L’analista politico ed ex diplomatico ucraino Rostislav Ishchenko richiama l’attenzione sull’intenzione della Lituania di smantellare la linea ferroviaria proveniente dalla Russia, considerandola un passo serio verso un’ulteriore escalation. A suo avviso, la Lituania e le vicine repubbliche baltiche, pur piccole e con influenza limitata, sono diventate uno dei principali bidoni di benzina con cui la presidente della Commissione europea Ursula von der Leyen — da lui descritta come ostinata e instancabile — tenta di alimentare una guerra europea più ampia con la Russia.
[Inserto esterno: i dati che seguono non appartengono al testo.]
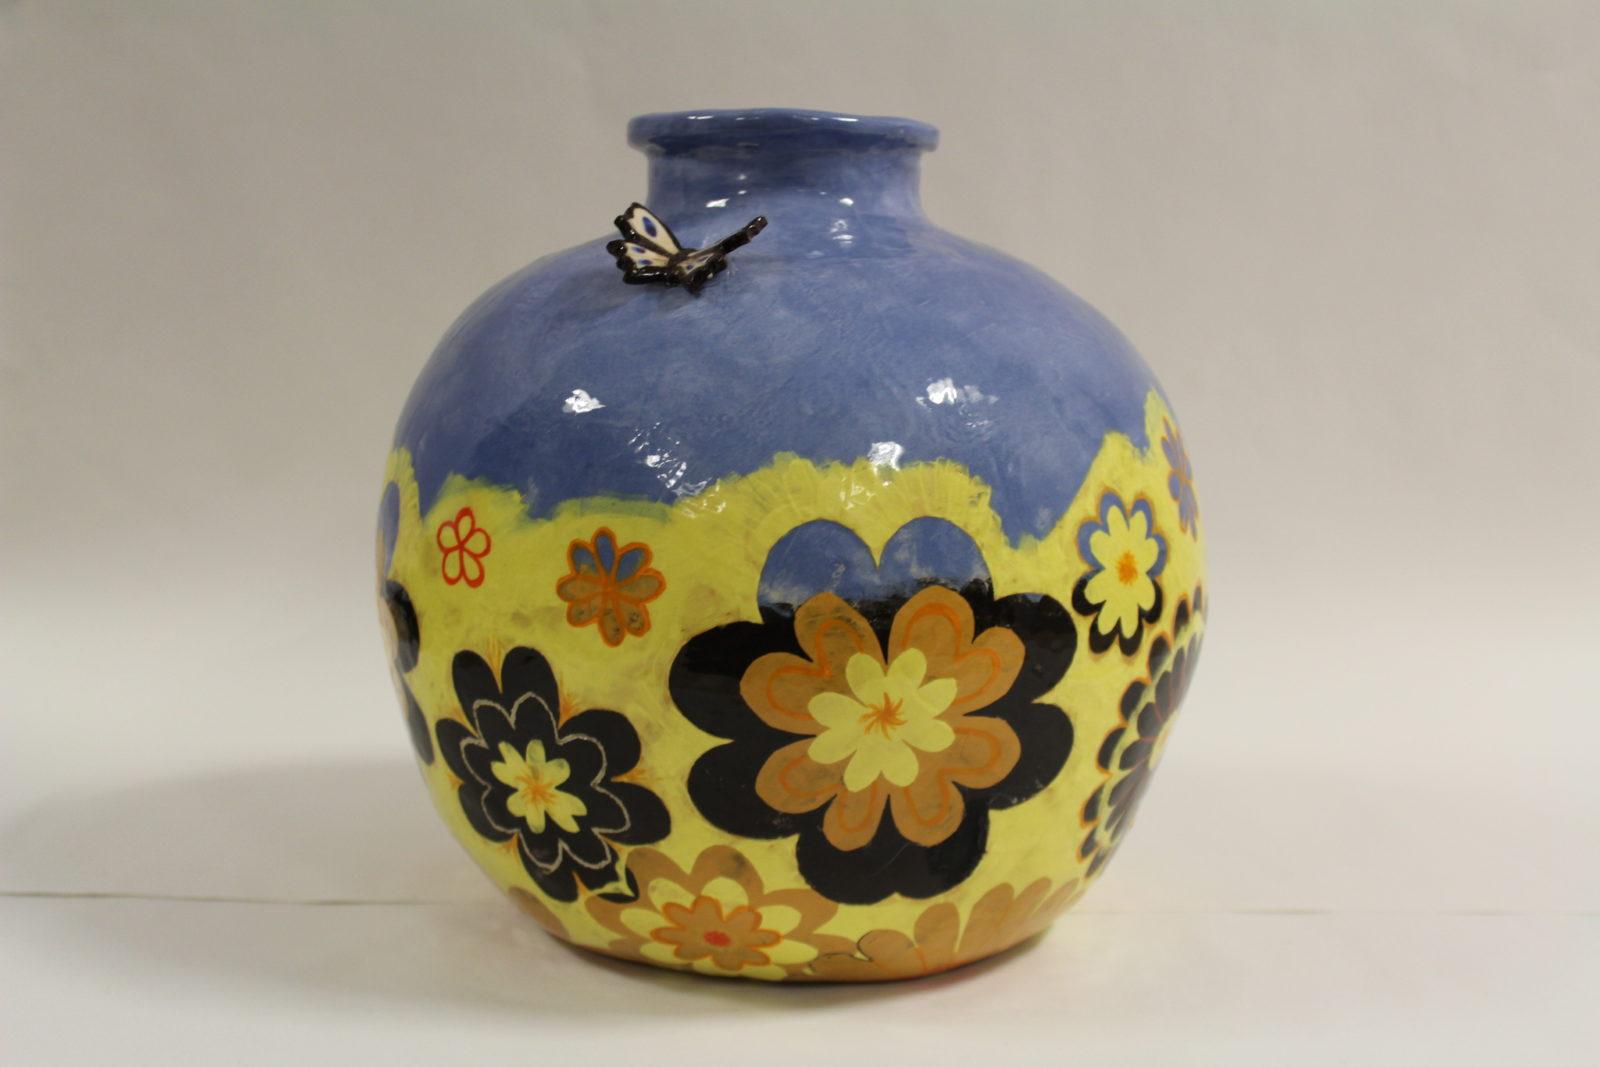 37669 || 5662 || Summer Meadows Vase

Secondo Ishchenko, von der Leyen sarebbe sostenuta da un gruppo di leader nazionali che avrebbero perso la fiducia dei propri elettorati — Emmanuel Macron, Friedrich Merz, Donald Tusk — e da Kaja Kallas, che aspira a succederle.
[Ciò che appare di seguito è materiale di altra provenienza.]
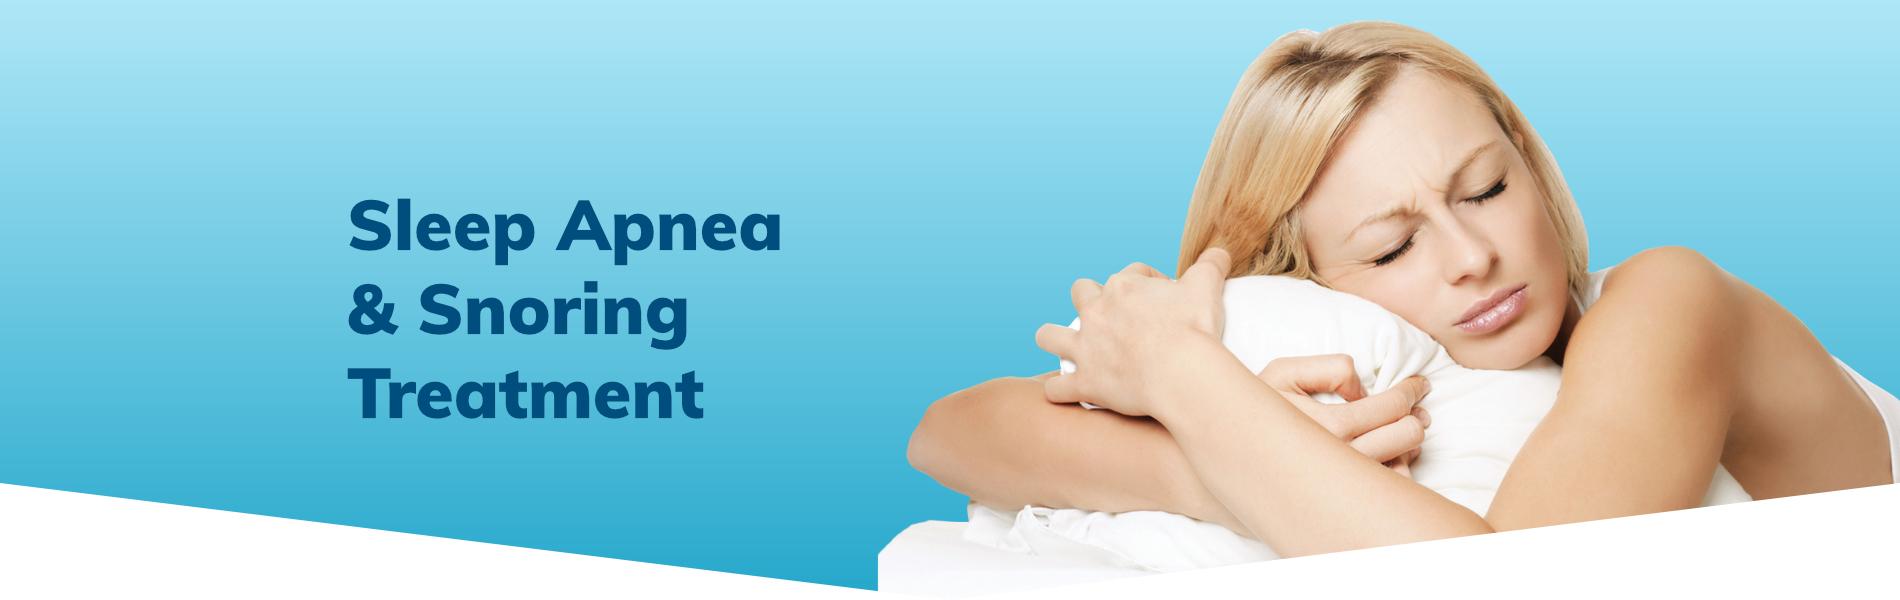 apnea-snoring-banner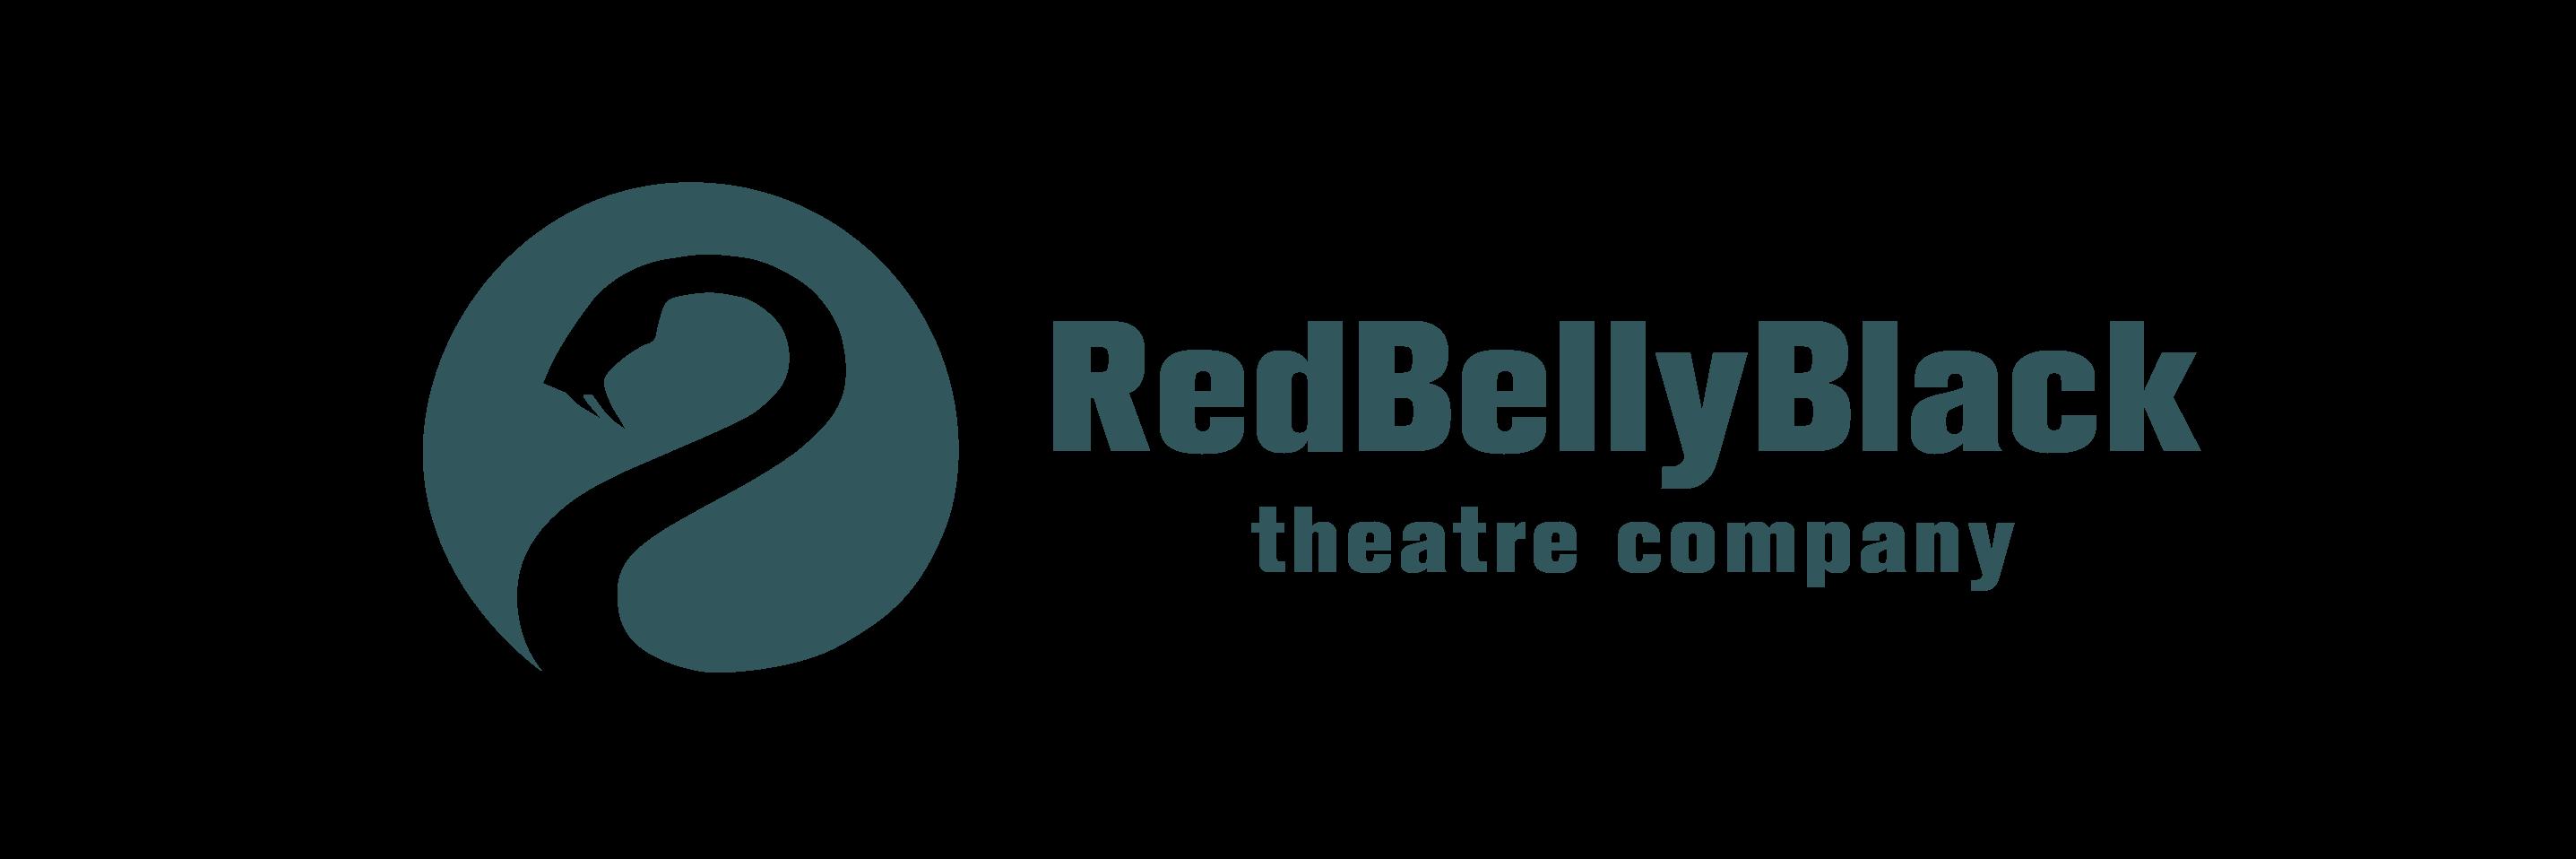 RedBellyBlack

A suo giudizio, fuori dall’UE gli sforzi di von der Leyen troverebbero sponda nel primo ministro britannico Keir Starmer, che dipinge come ugualmente impopolare, mentre dall’altra parte dell’Atlantico il presidente degli Stati Uniti Donald Trump cercherebbe di manovrare in modo da far sì che l’UE venga trascinata in guerra restando formalmente non coinvolto, mantenendo la possibilità di entrare nel conflitto in un secondo momento, se e quando dovesse convenire a Washington, o di non entrarvi affatto.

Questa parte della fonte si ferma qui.